Maar na 10 minuten begint het weer pieieieiep pieieieiep! OK
Vroem, we zijn er bijna, dan kan je eennachtje uitbrommen en morgen zien we wel. Voorbij Blankenheim rijdt een automobilist
ons voorbij en houdt ons dan tegen. Of we onze achterlichten aub willen nakijken? Ja, danke. ..
Het achteruitrij-licht schijnt als een
koplamp en verblindt de auto's achter ons. Verder rijden kan dus niet meer in het donker ! René piekert wat en stapt uit om te kijken hoe het daar
vanachter in elkaar zit. Hij ontdekt de kabeltjes en na wat zoeken slaagt hij
erin de witte achterlichtjes te ontkoppelen. Het pieptoontje nemen we er dan
maar bij, zegt hij, maar we hinderen het verkeer nu niet meer. Maar nu branden
de gewone rode achterlichten en de stoplichten ook niet meer... Dus de kabeltjes maar weer terug verbonden, hetgeen een hele klus is want je kan er nauwelijks bij door de opbouw van de camper. Pech bij onze pech !
Hier staan we dan langs de weg op een zaterdagavond We
bellen met de "Fiat service". Een Nederlander vraagt ons helemaal uit en geeft ons vervolgens een nummer in België.Die vragen ons
opnieuw naar het hele verhaal.Ze zullen
iemand zoeken die Duits kan en beloven ons dat webinnen het uur hulp krijgen. Drie kwartier
later worden we opgebeld door de iemand uit Duitsland. In zijn beste Duits
herhaalt René wat er gebeurd is.Even na
half acht komt een technieker aangereden. Waar zitten die lampjes toch .ik kan
er niet aan! Oh nein, ein Fiat? dass ist =+@?!#....! .
Na veel zoeken en proberen
gelukkig voor hem is de handleiding van de auto in het Duits slaagt hij erin
om de witte lampjes uit de achterverlichting te halen . Hij kan zelfs het piepsignaal uitschakelen.
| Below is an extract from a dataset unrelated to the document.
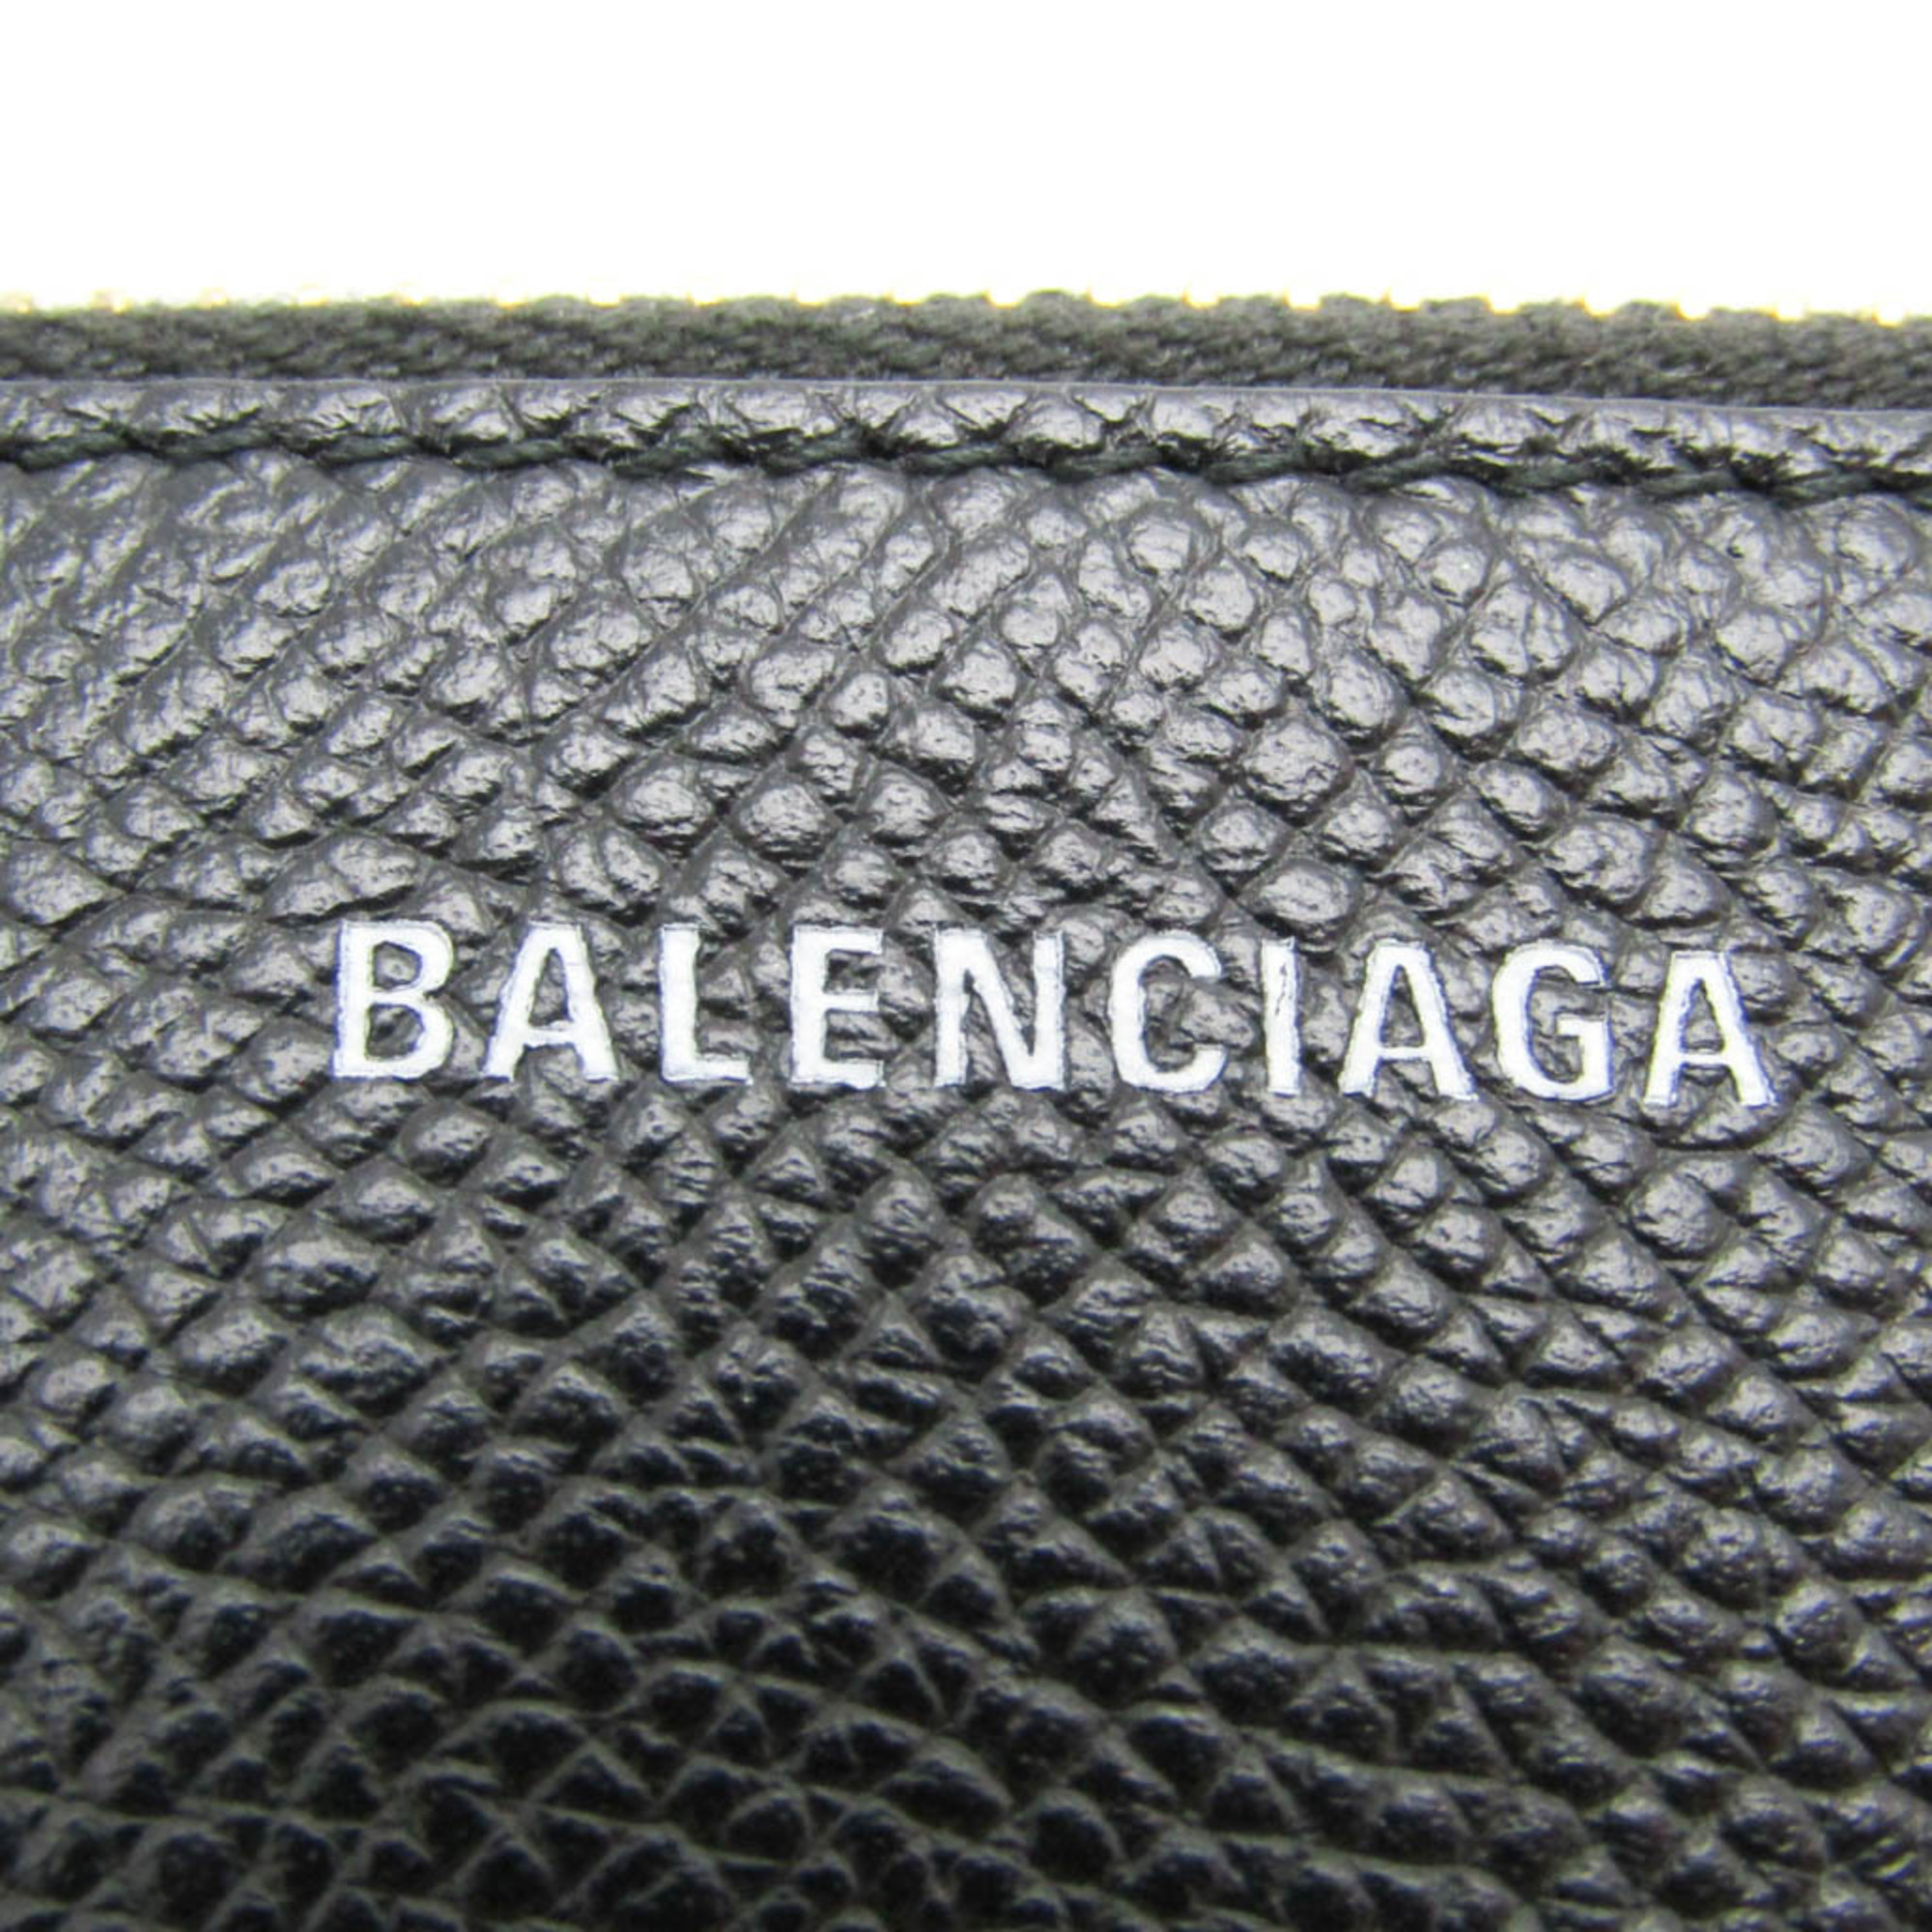 バレンシアガ(Balenciaga) VILLE LONG CARD HAND WRITTEN SIGNATURE コインケース 581102 レザー カードケース ブラック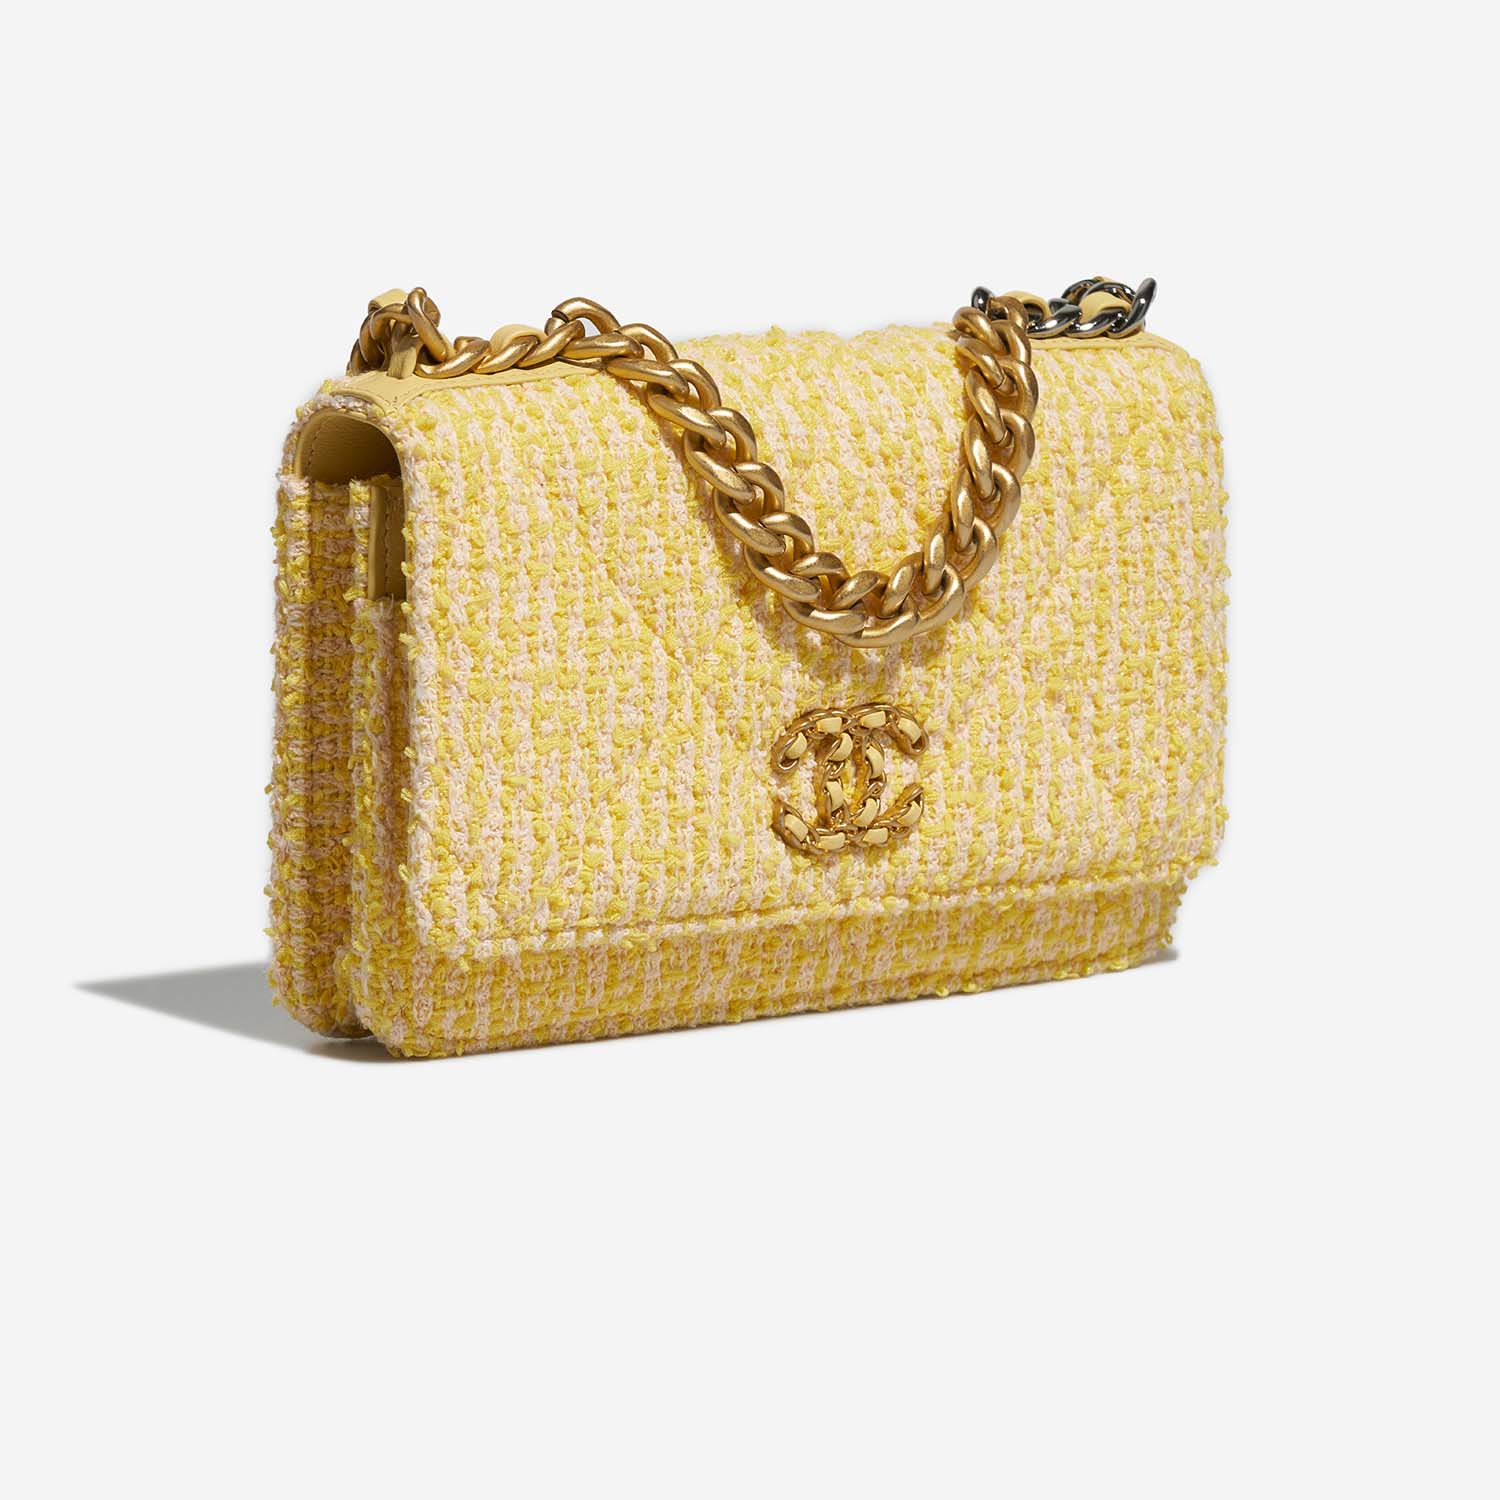 Chanel 19 WOC Gelb-Beige Side Front | Verkaufen Sie Ihre Designer-Tasche auf Saclab.com

Hoera! We zijn gered! Mijnheer de technieker heeft al veel autos
gedepannneerd, vertelt hij, maar zoiets heeft hij nog nooit meegemaakt zelfs niet bij Fiat wagens !
We rijden opgelucht terug richting Blankenheim naar een standplaats voor campers. Ook hier staan een 4-tal campers maar er is voldoende plaats en we voegen ons netjes in de rij tussen de anderen.
Het is te laat om nog eten te koken dus bezoeken we maar het stadje Blankenheim. Het lijkt helemaal verlaten. Het enige restaurant dat we kunnen vinden en dat nog open is, is een Thais
restaurant. Maar bij het lekkere eten en enkele verfrissende bitburgers kunnen we snel bekomen van deze dag.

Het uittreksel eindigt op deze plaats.